DATA BLOCK START

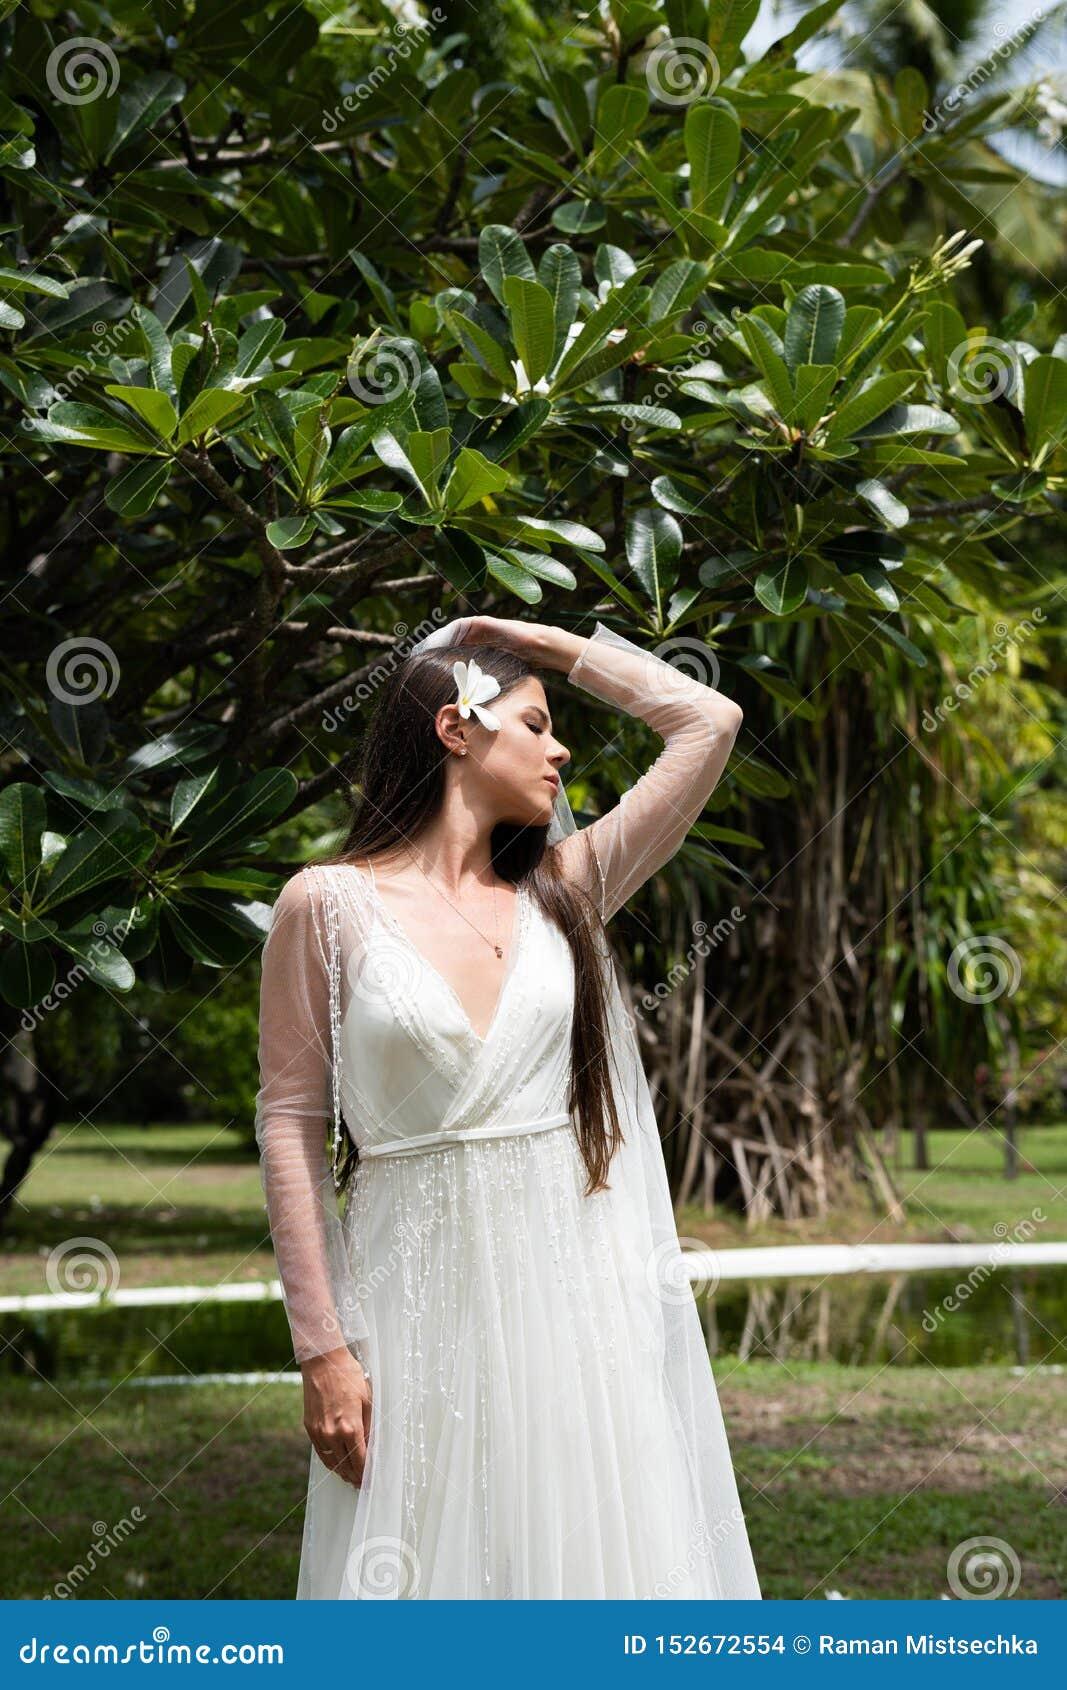 Uma noiva em um vestido branco com uma flor exótica em seu cabelo está estando sob uma árvore tropical de florescência
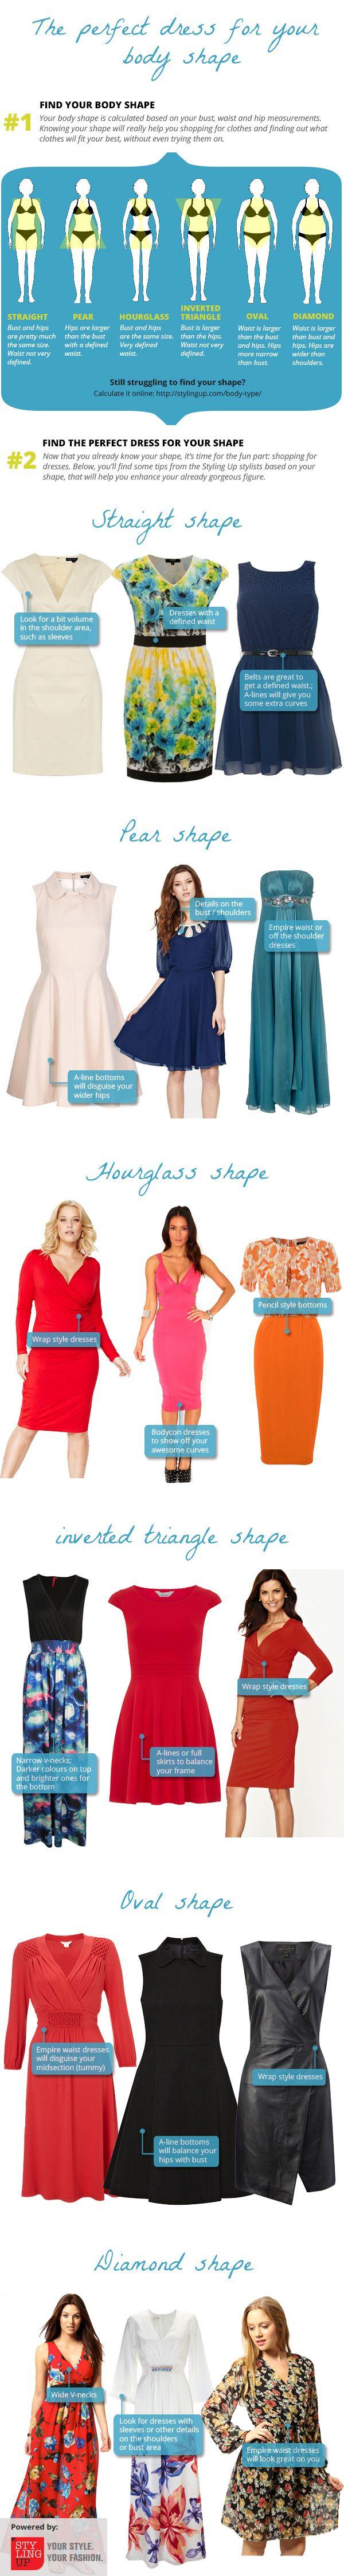 Dresses for body shape
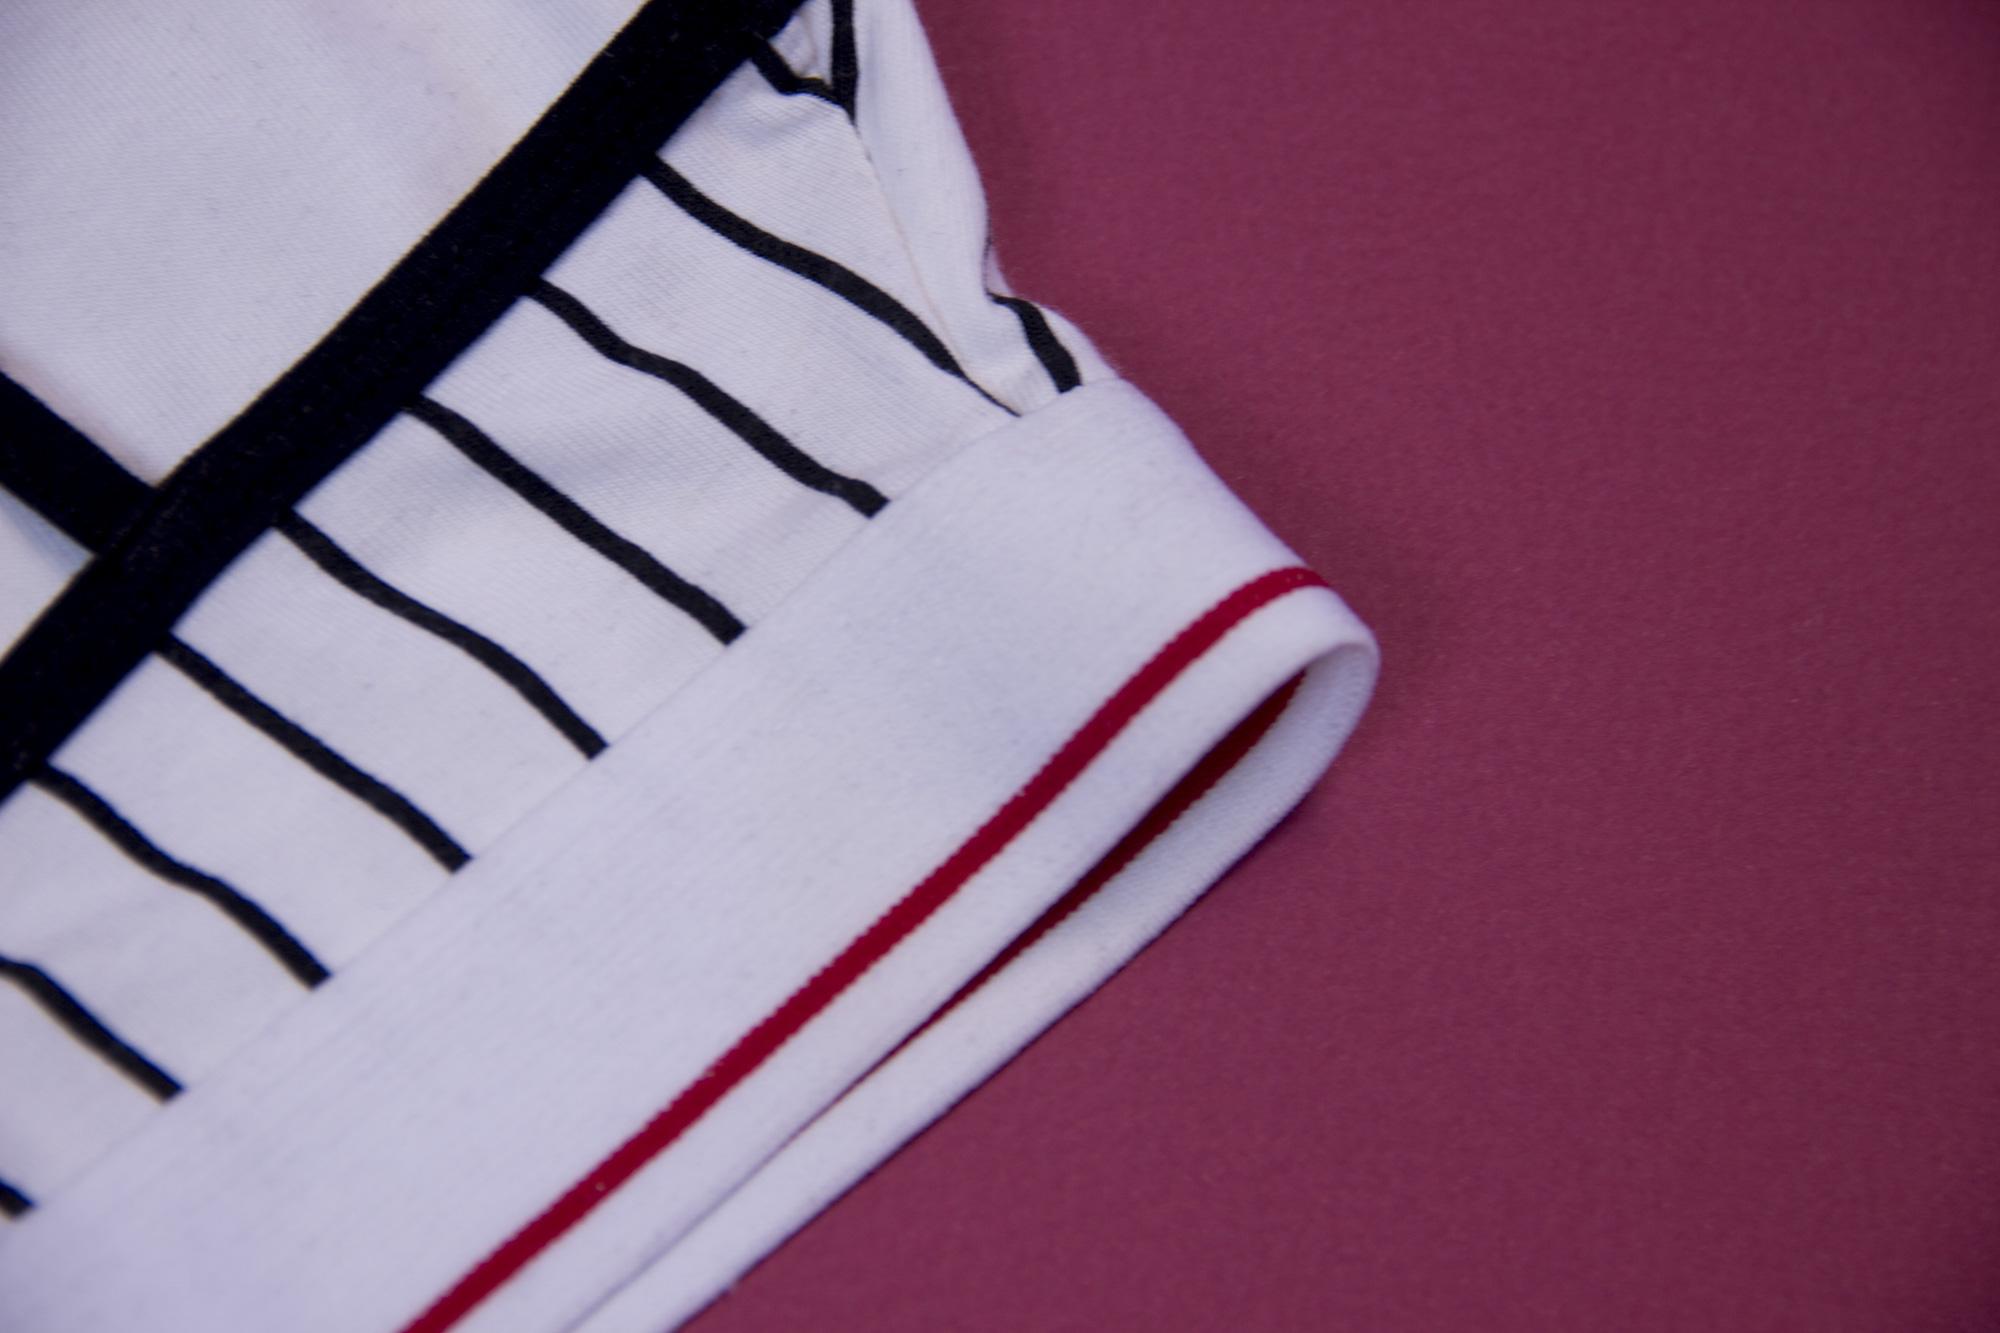 Обзор нижнего белья Undiz в журнале о нижнем белье и стиле GB {Garterblog.ru}

DATA BLOCK END

- TO DO:
Write out the data precisely as given, excluding the pictures.

- THE COMPLETED TASK:
 Uma noiva em um vestido branco com uma flor exótica em seu cabelo está estando sob uma árvore tropical de florescência
 Dresses for body shape
 Обзор нижнего белья Undiz в журнале о нижнем белье и стиле GB {Garterblog.ru}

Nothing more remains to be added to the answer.